In an industry dominated by expensive proprietary tools, open-source software offers some enticing benefits. The SpeakRight Framework is a new open-source Java framework for writing VoiceXML applications. It offers a high-level API and re-usable classes. And since you have the source code, it’s totally extensible.
SpeakRight is code-based. You write your application in Java using SpeakRight classes, with all the power and convenience of Java debugging, refactoring, and unit tests. And unlike other web frameworks, SpeakRight is built specifically for VoiceXML and speech recognition applications. It understands prompt escalation, grammars, and confirmation. When asked to write a speech application, many developers are tempted to output the raw VoiceXML tags themselves. This works in simple cases, but once you add all the elements of a voice dialog, even a simple question involves many tags. Speech applications must deal with the inherent inaccuracy of speech recognition: retrying if recognition fails and confirming when recognition’s confidence score is low.

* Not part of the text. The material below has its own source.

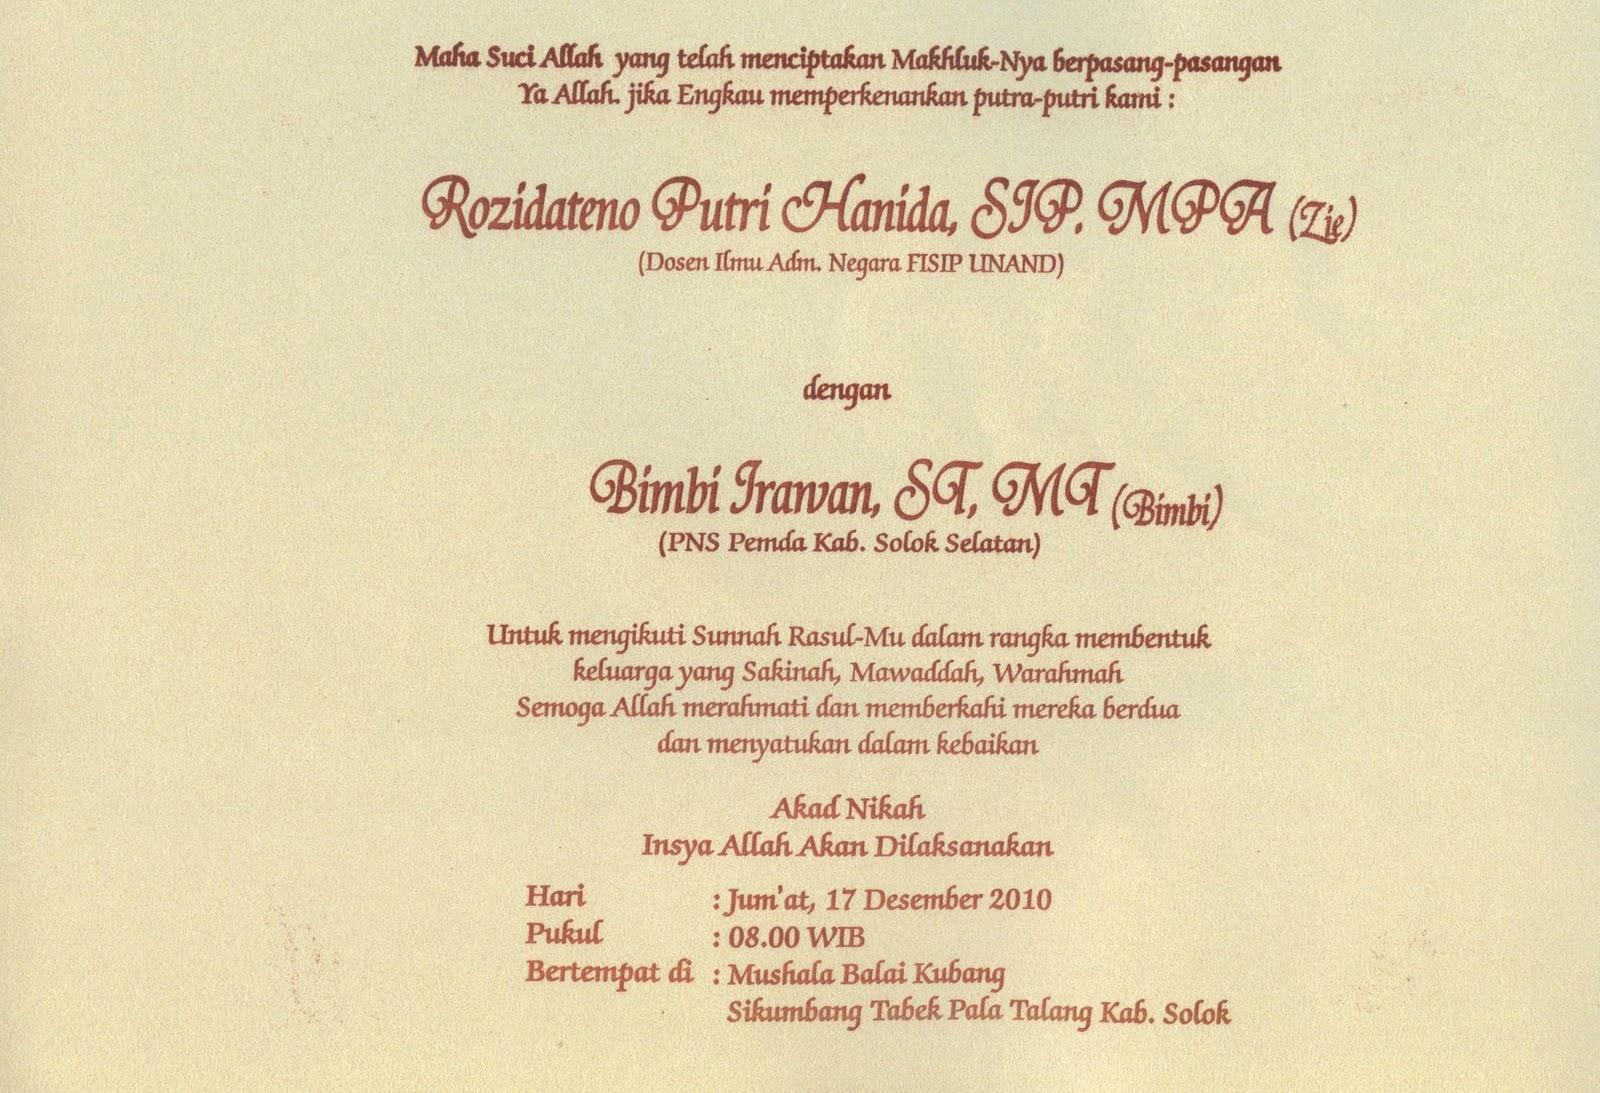 Undangan Nikah Ni Rozi Bk 1999 Asrama Mahasiswa Sumatera Barat

Let’s see SpeakRight in action. This example is part of a hotel application, where the user is asked for the number of rooms to be reserved.

SRApp app = new SRApp();
//add other callflow elements...
//ask # of rooms
SRONumber question = new SRONumber("rooms", 1, 10);
question.setConfirmer(new SROConfirmYesNo("rooms"));
question.setModelVar("numRooms");
app.add(question);
app.add(new PromptFlow("Got it. ${M.numRooms} rooms"));
//etc..

A question object is created using one of the built-in SpeakRight classes. SRONumber asks for a number and and does range validation. We attach a confirmation object as well, that will execute if the recognition score is below a configurable threshold. We use a simply yes/no confirmation in this example.
When executed, the question object might interact with the user like this:

Computer: How many rooms would you like?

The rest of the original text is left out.